Two more factors should be considered in the above outlined proposition to use genomic distances as a taxonomic criterion. The first is that while the dataset of genomes used here is considerable, it nevertheless represents only a small part of the vast fungal diversity. As new species are sequenced, the threshold and accuracy estimates of this study may change in ways that are difficult to predict, although major changes would be unexpected. The second is the possibility of using unassembled high-throughput sequencing reads for the calculation of genomic distances—a possibility that was not investigated here.

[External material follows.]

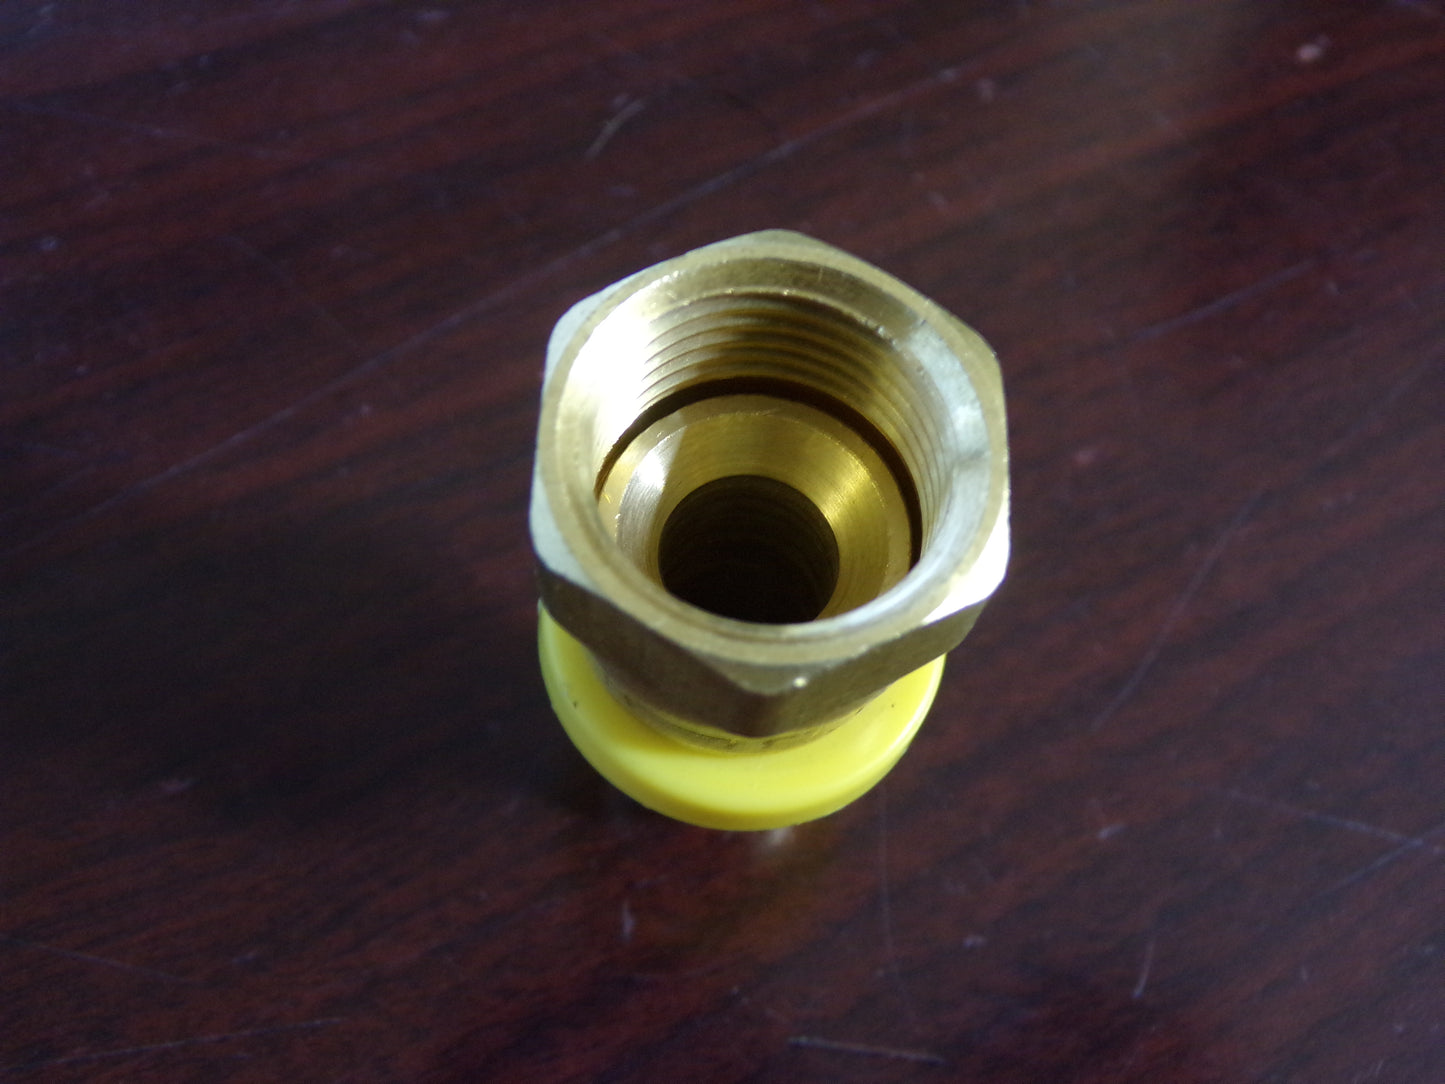 CONTINENTAL Brass Push-On Hose Fitting, 1/2 in x 1/2 in, Female Swivel (CR00578-WTA14)

Both Mash and Dashing accept sequencing reads as input [23,24]. Such analysis should be performed with special care due to the presence and potentially high impact of sequencing errors, but if it proves sufficiently accurate, it could remove the need for the genome assembly—a possibility that would make the calculation of genomic distances for fungal species delineation even easier to perform.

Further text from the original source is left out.